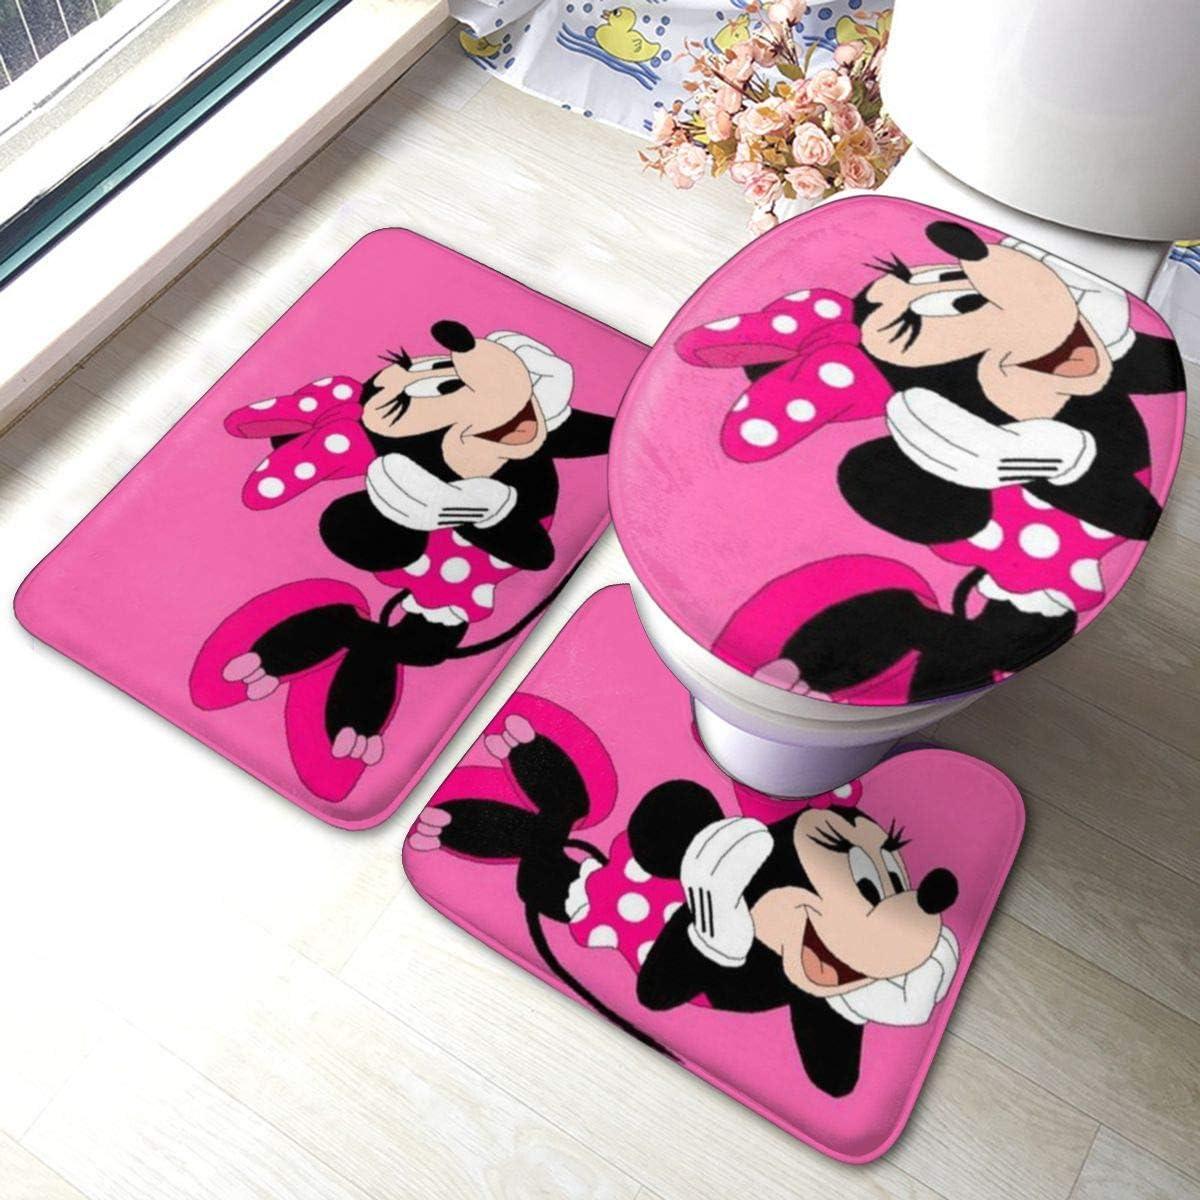 Happy Minnie Mouse Bathroom Rug, Non Slip Bath Mat + U-Shaped Contour Rug + Toilet Lid Cover Set 3 Piece
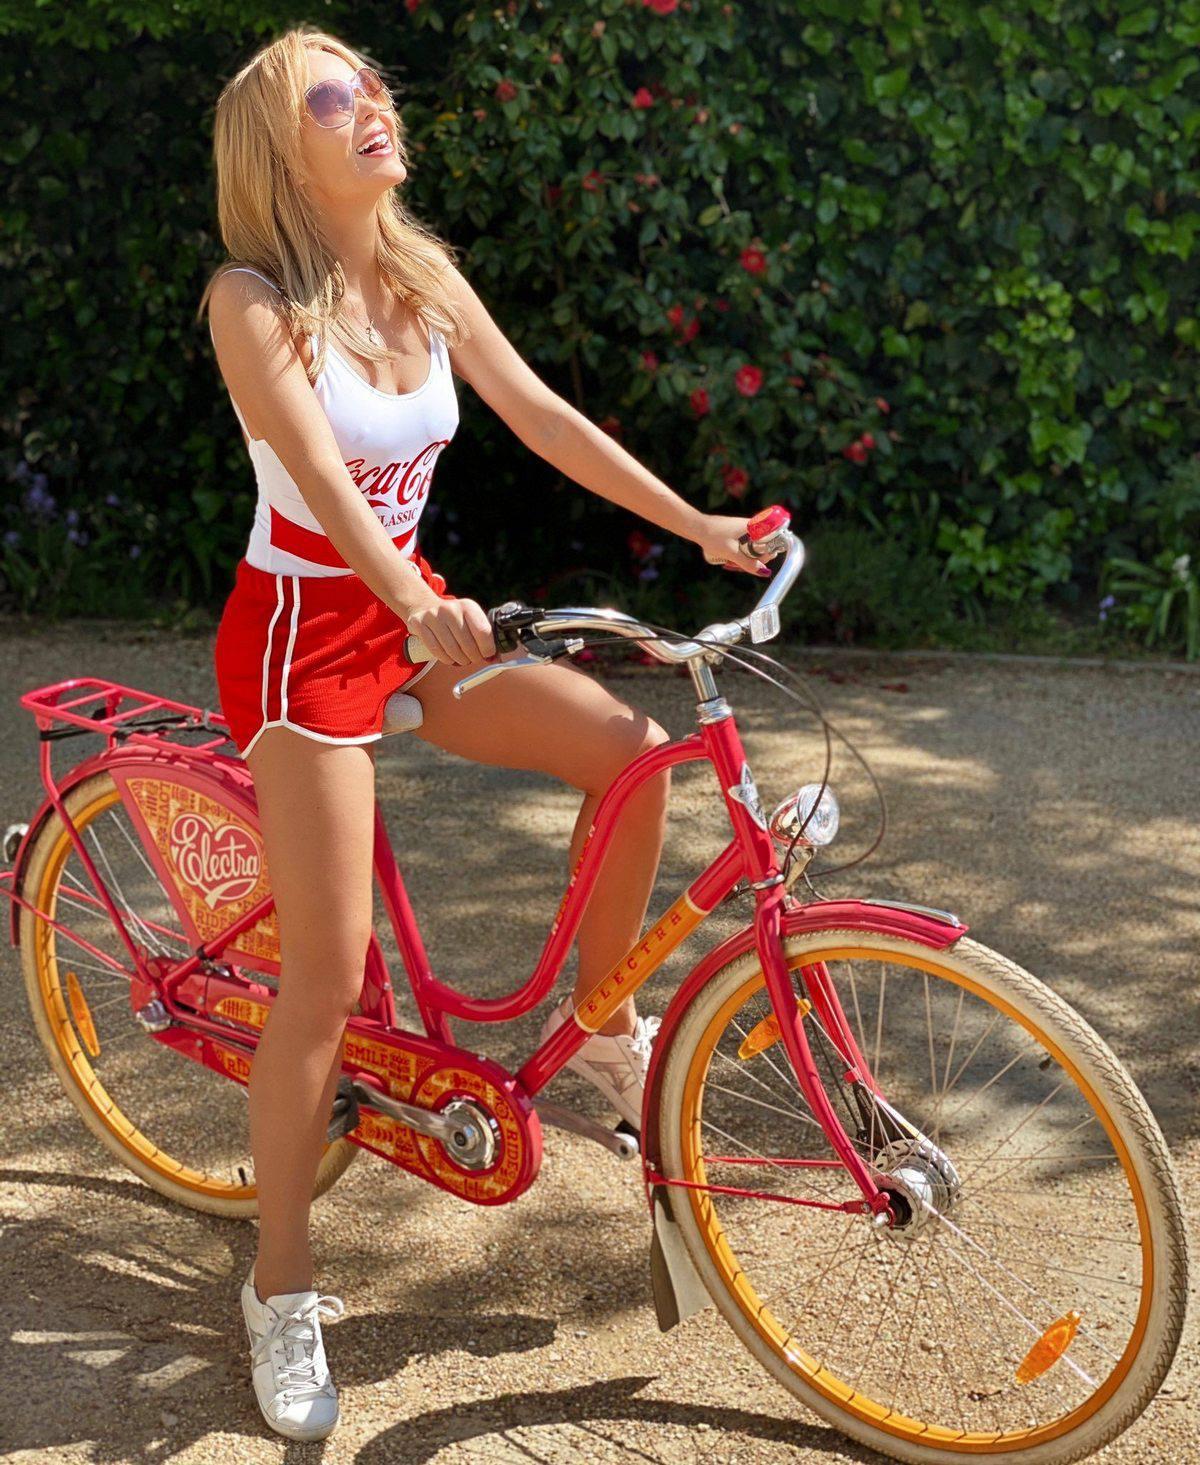 Amanda Holden Sexy Legs On Bike
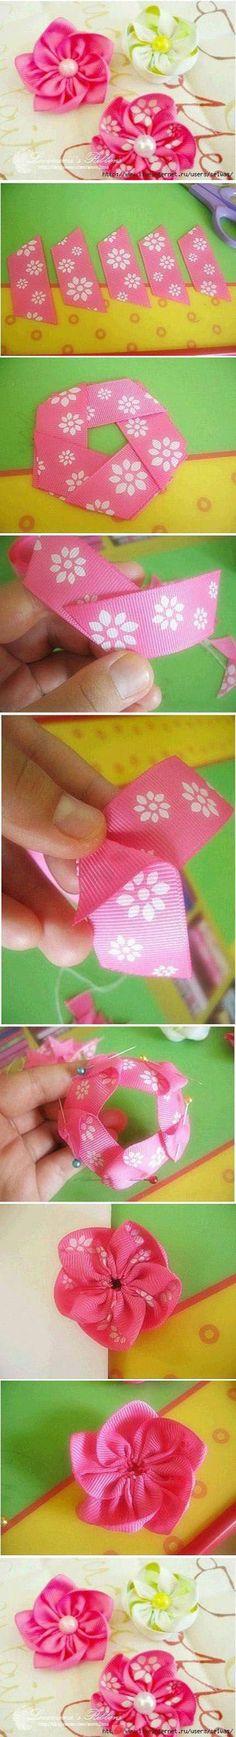 Diy Beautiful Pink Flower | DIY  Crafts Tutorials
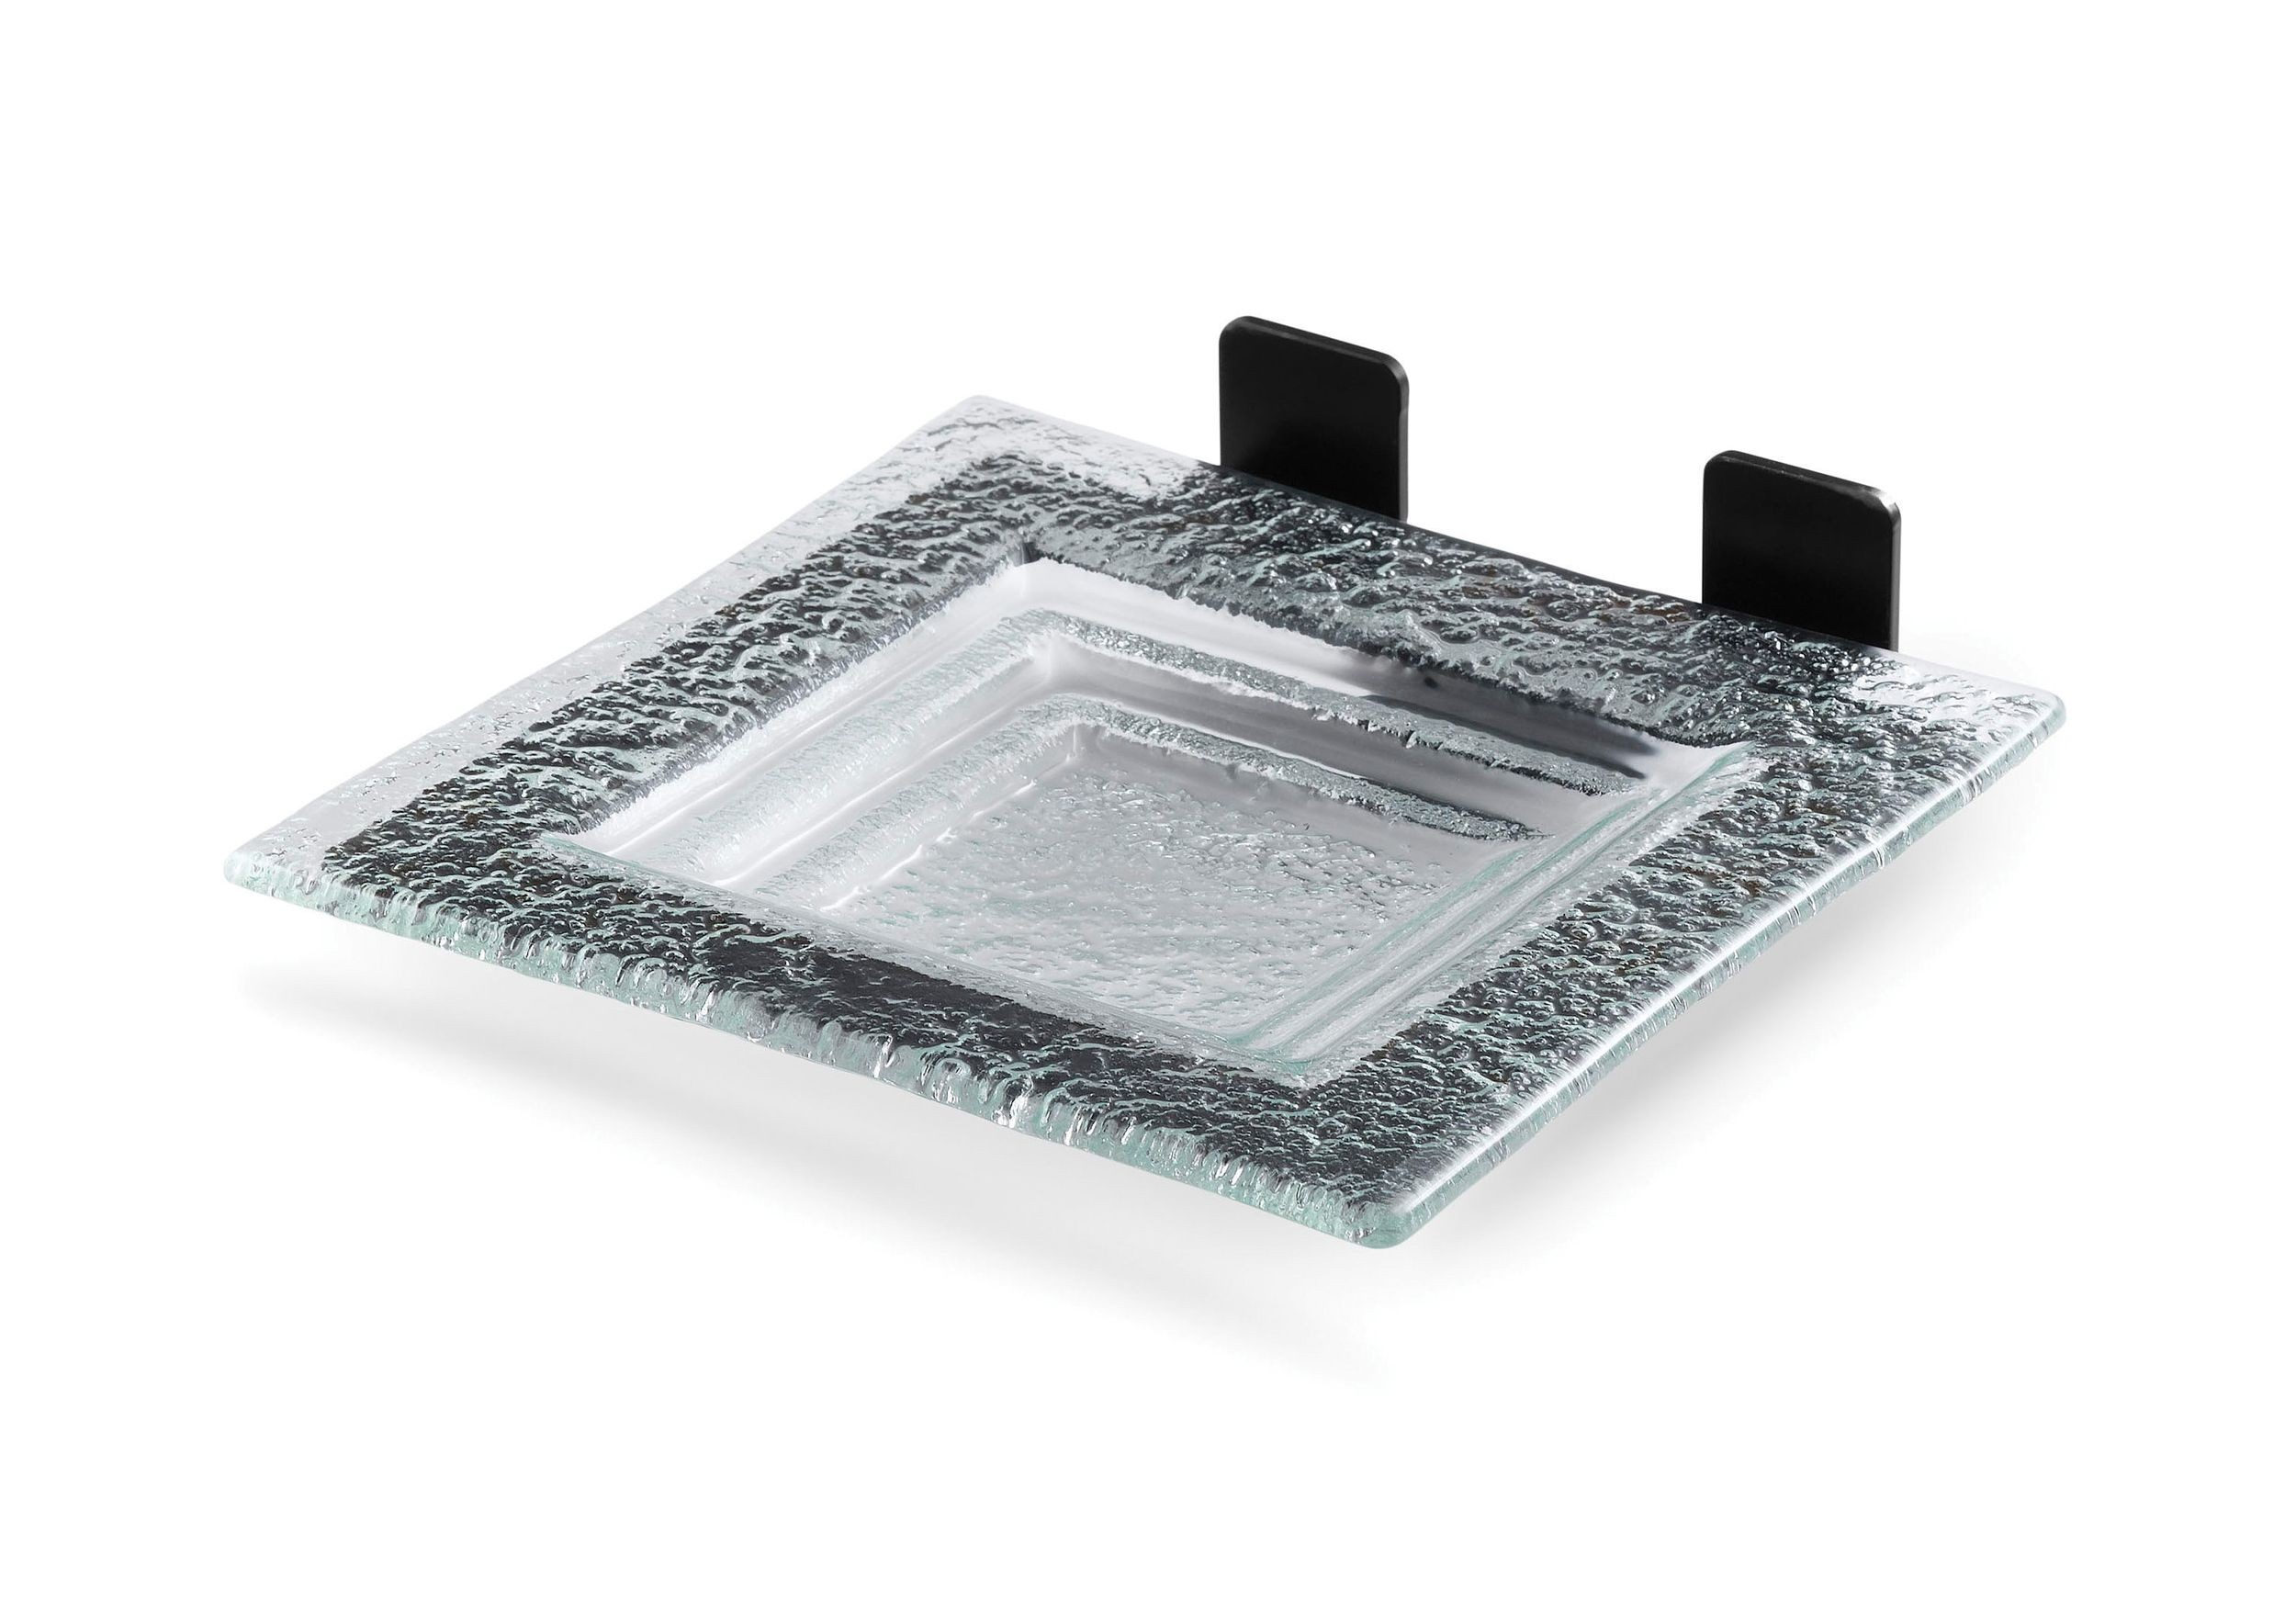 Square Green Glass Shelf for  Includes: 1 Glass Platter, Black Matte Metal Frame- 8.5
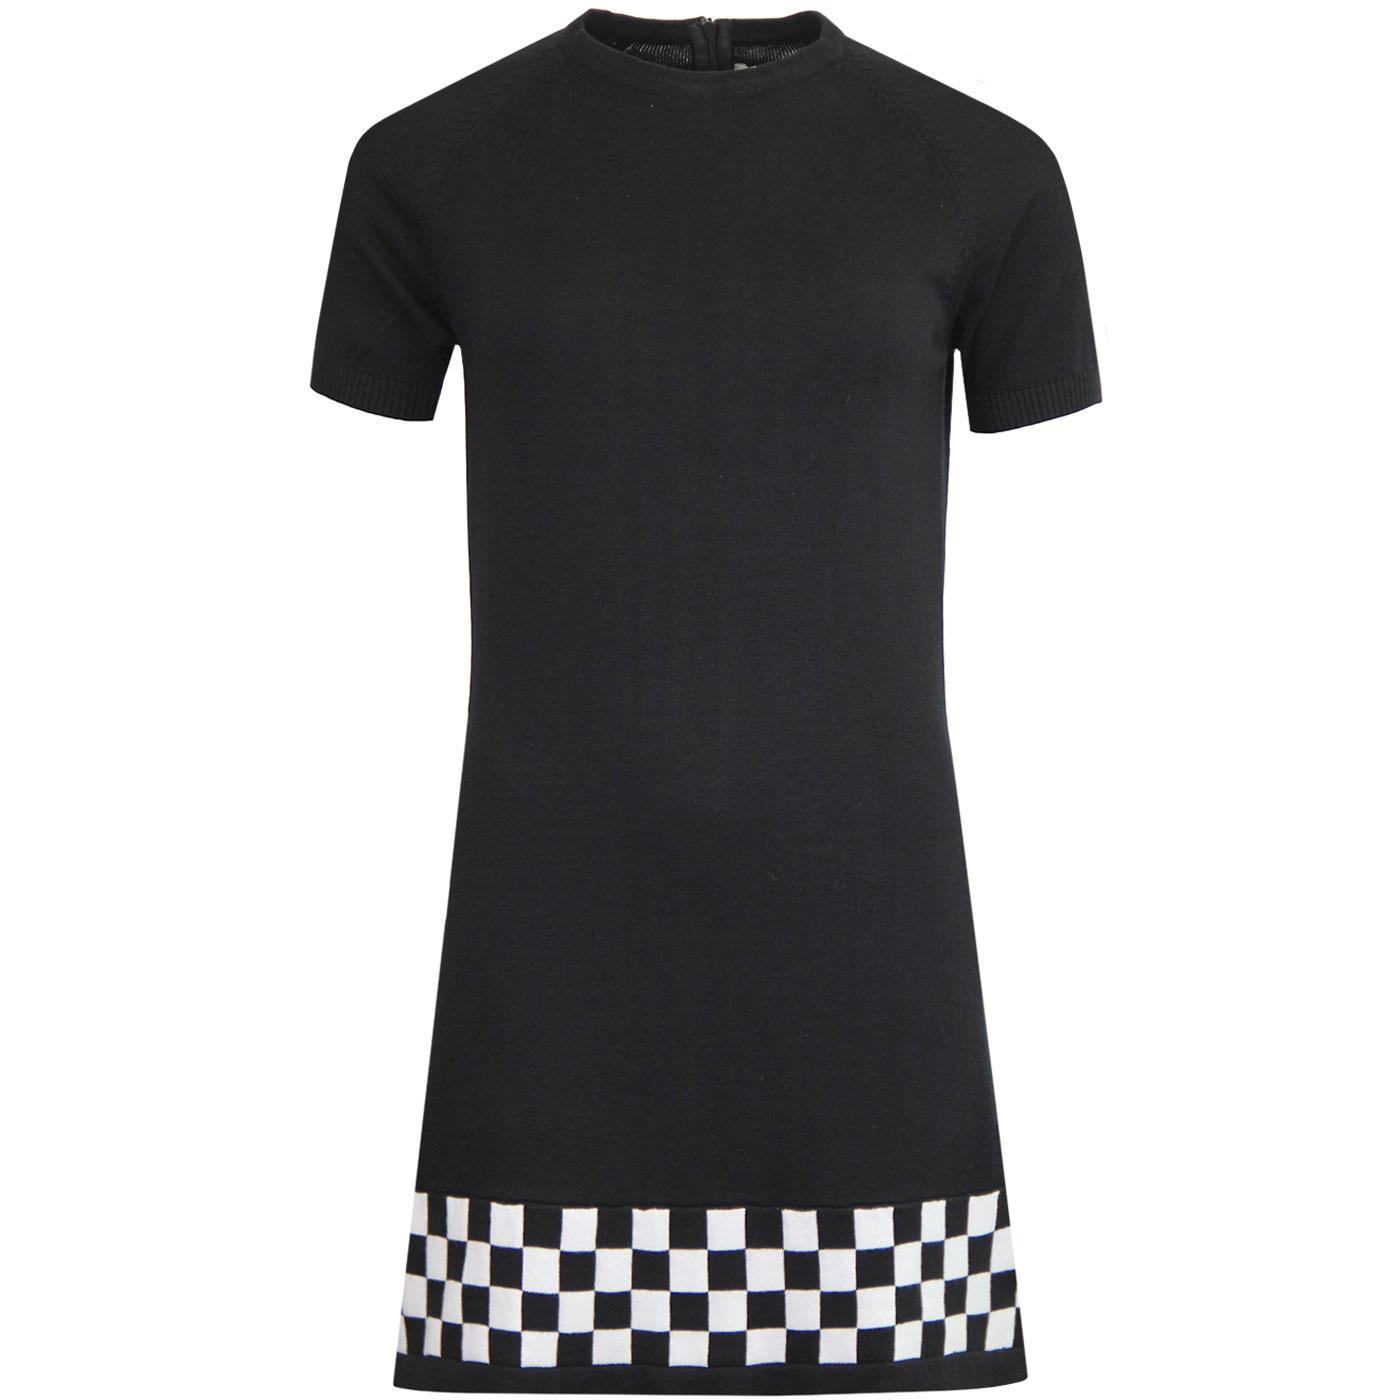 Nicole MADCAP ENGLAND Mod Knit Checkboard Dress

....

__PROBLEM TO SOLVE__.
Produce the material above again in full, with identical lines and no pictures.

__EXERCISE RESULT__.
 Happy Minnie Mouse Bathroom Rug, Non Slip Bath Mat + U-Shaped Contour Rug + Toilet Lid Cover Set 3 Piece
 Amanda Holden Sexy Legs On Bike
 Diy Beautiful Pink Flower | DIY  Crafts Tutorials
 Square Green Glass Shelf for  Includes: 1 Glass Platter, Black Matte Metal Frame- 8.5
 Nicole MADCAP ENGLAND Mod Knit Checkboard Dress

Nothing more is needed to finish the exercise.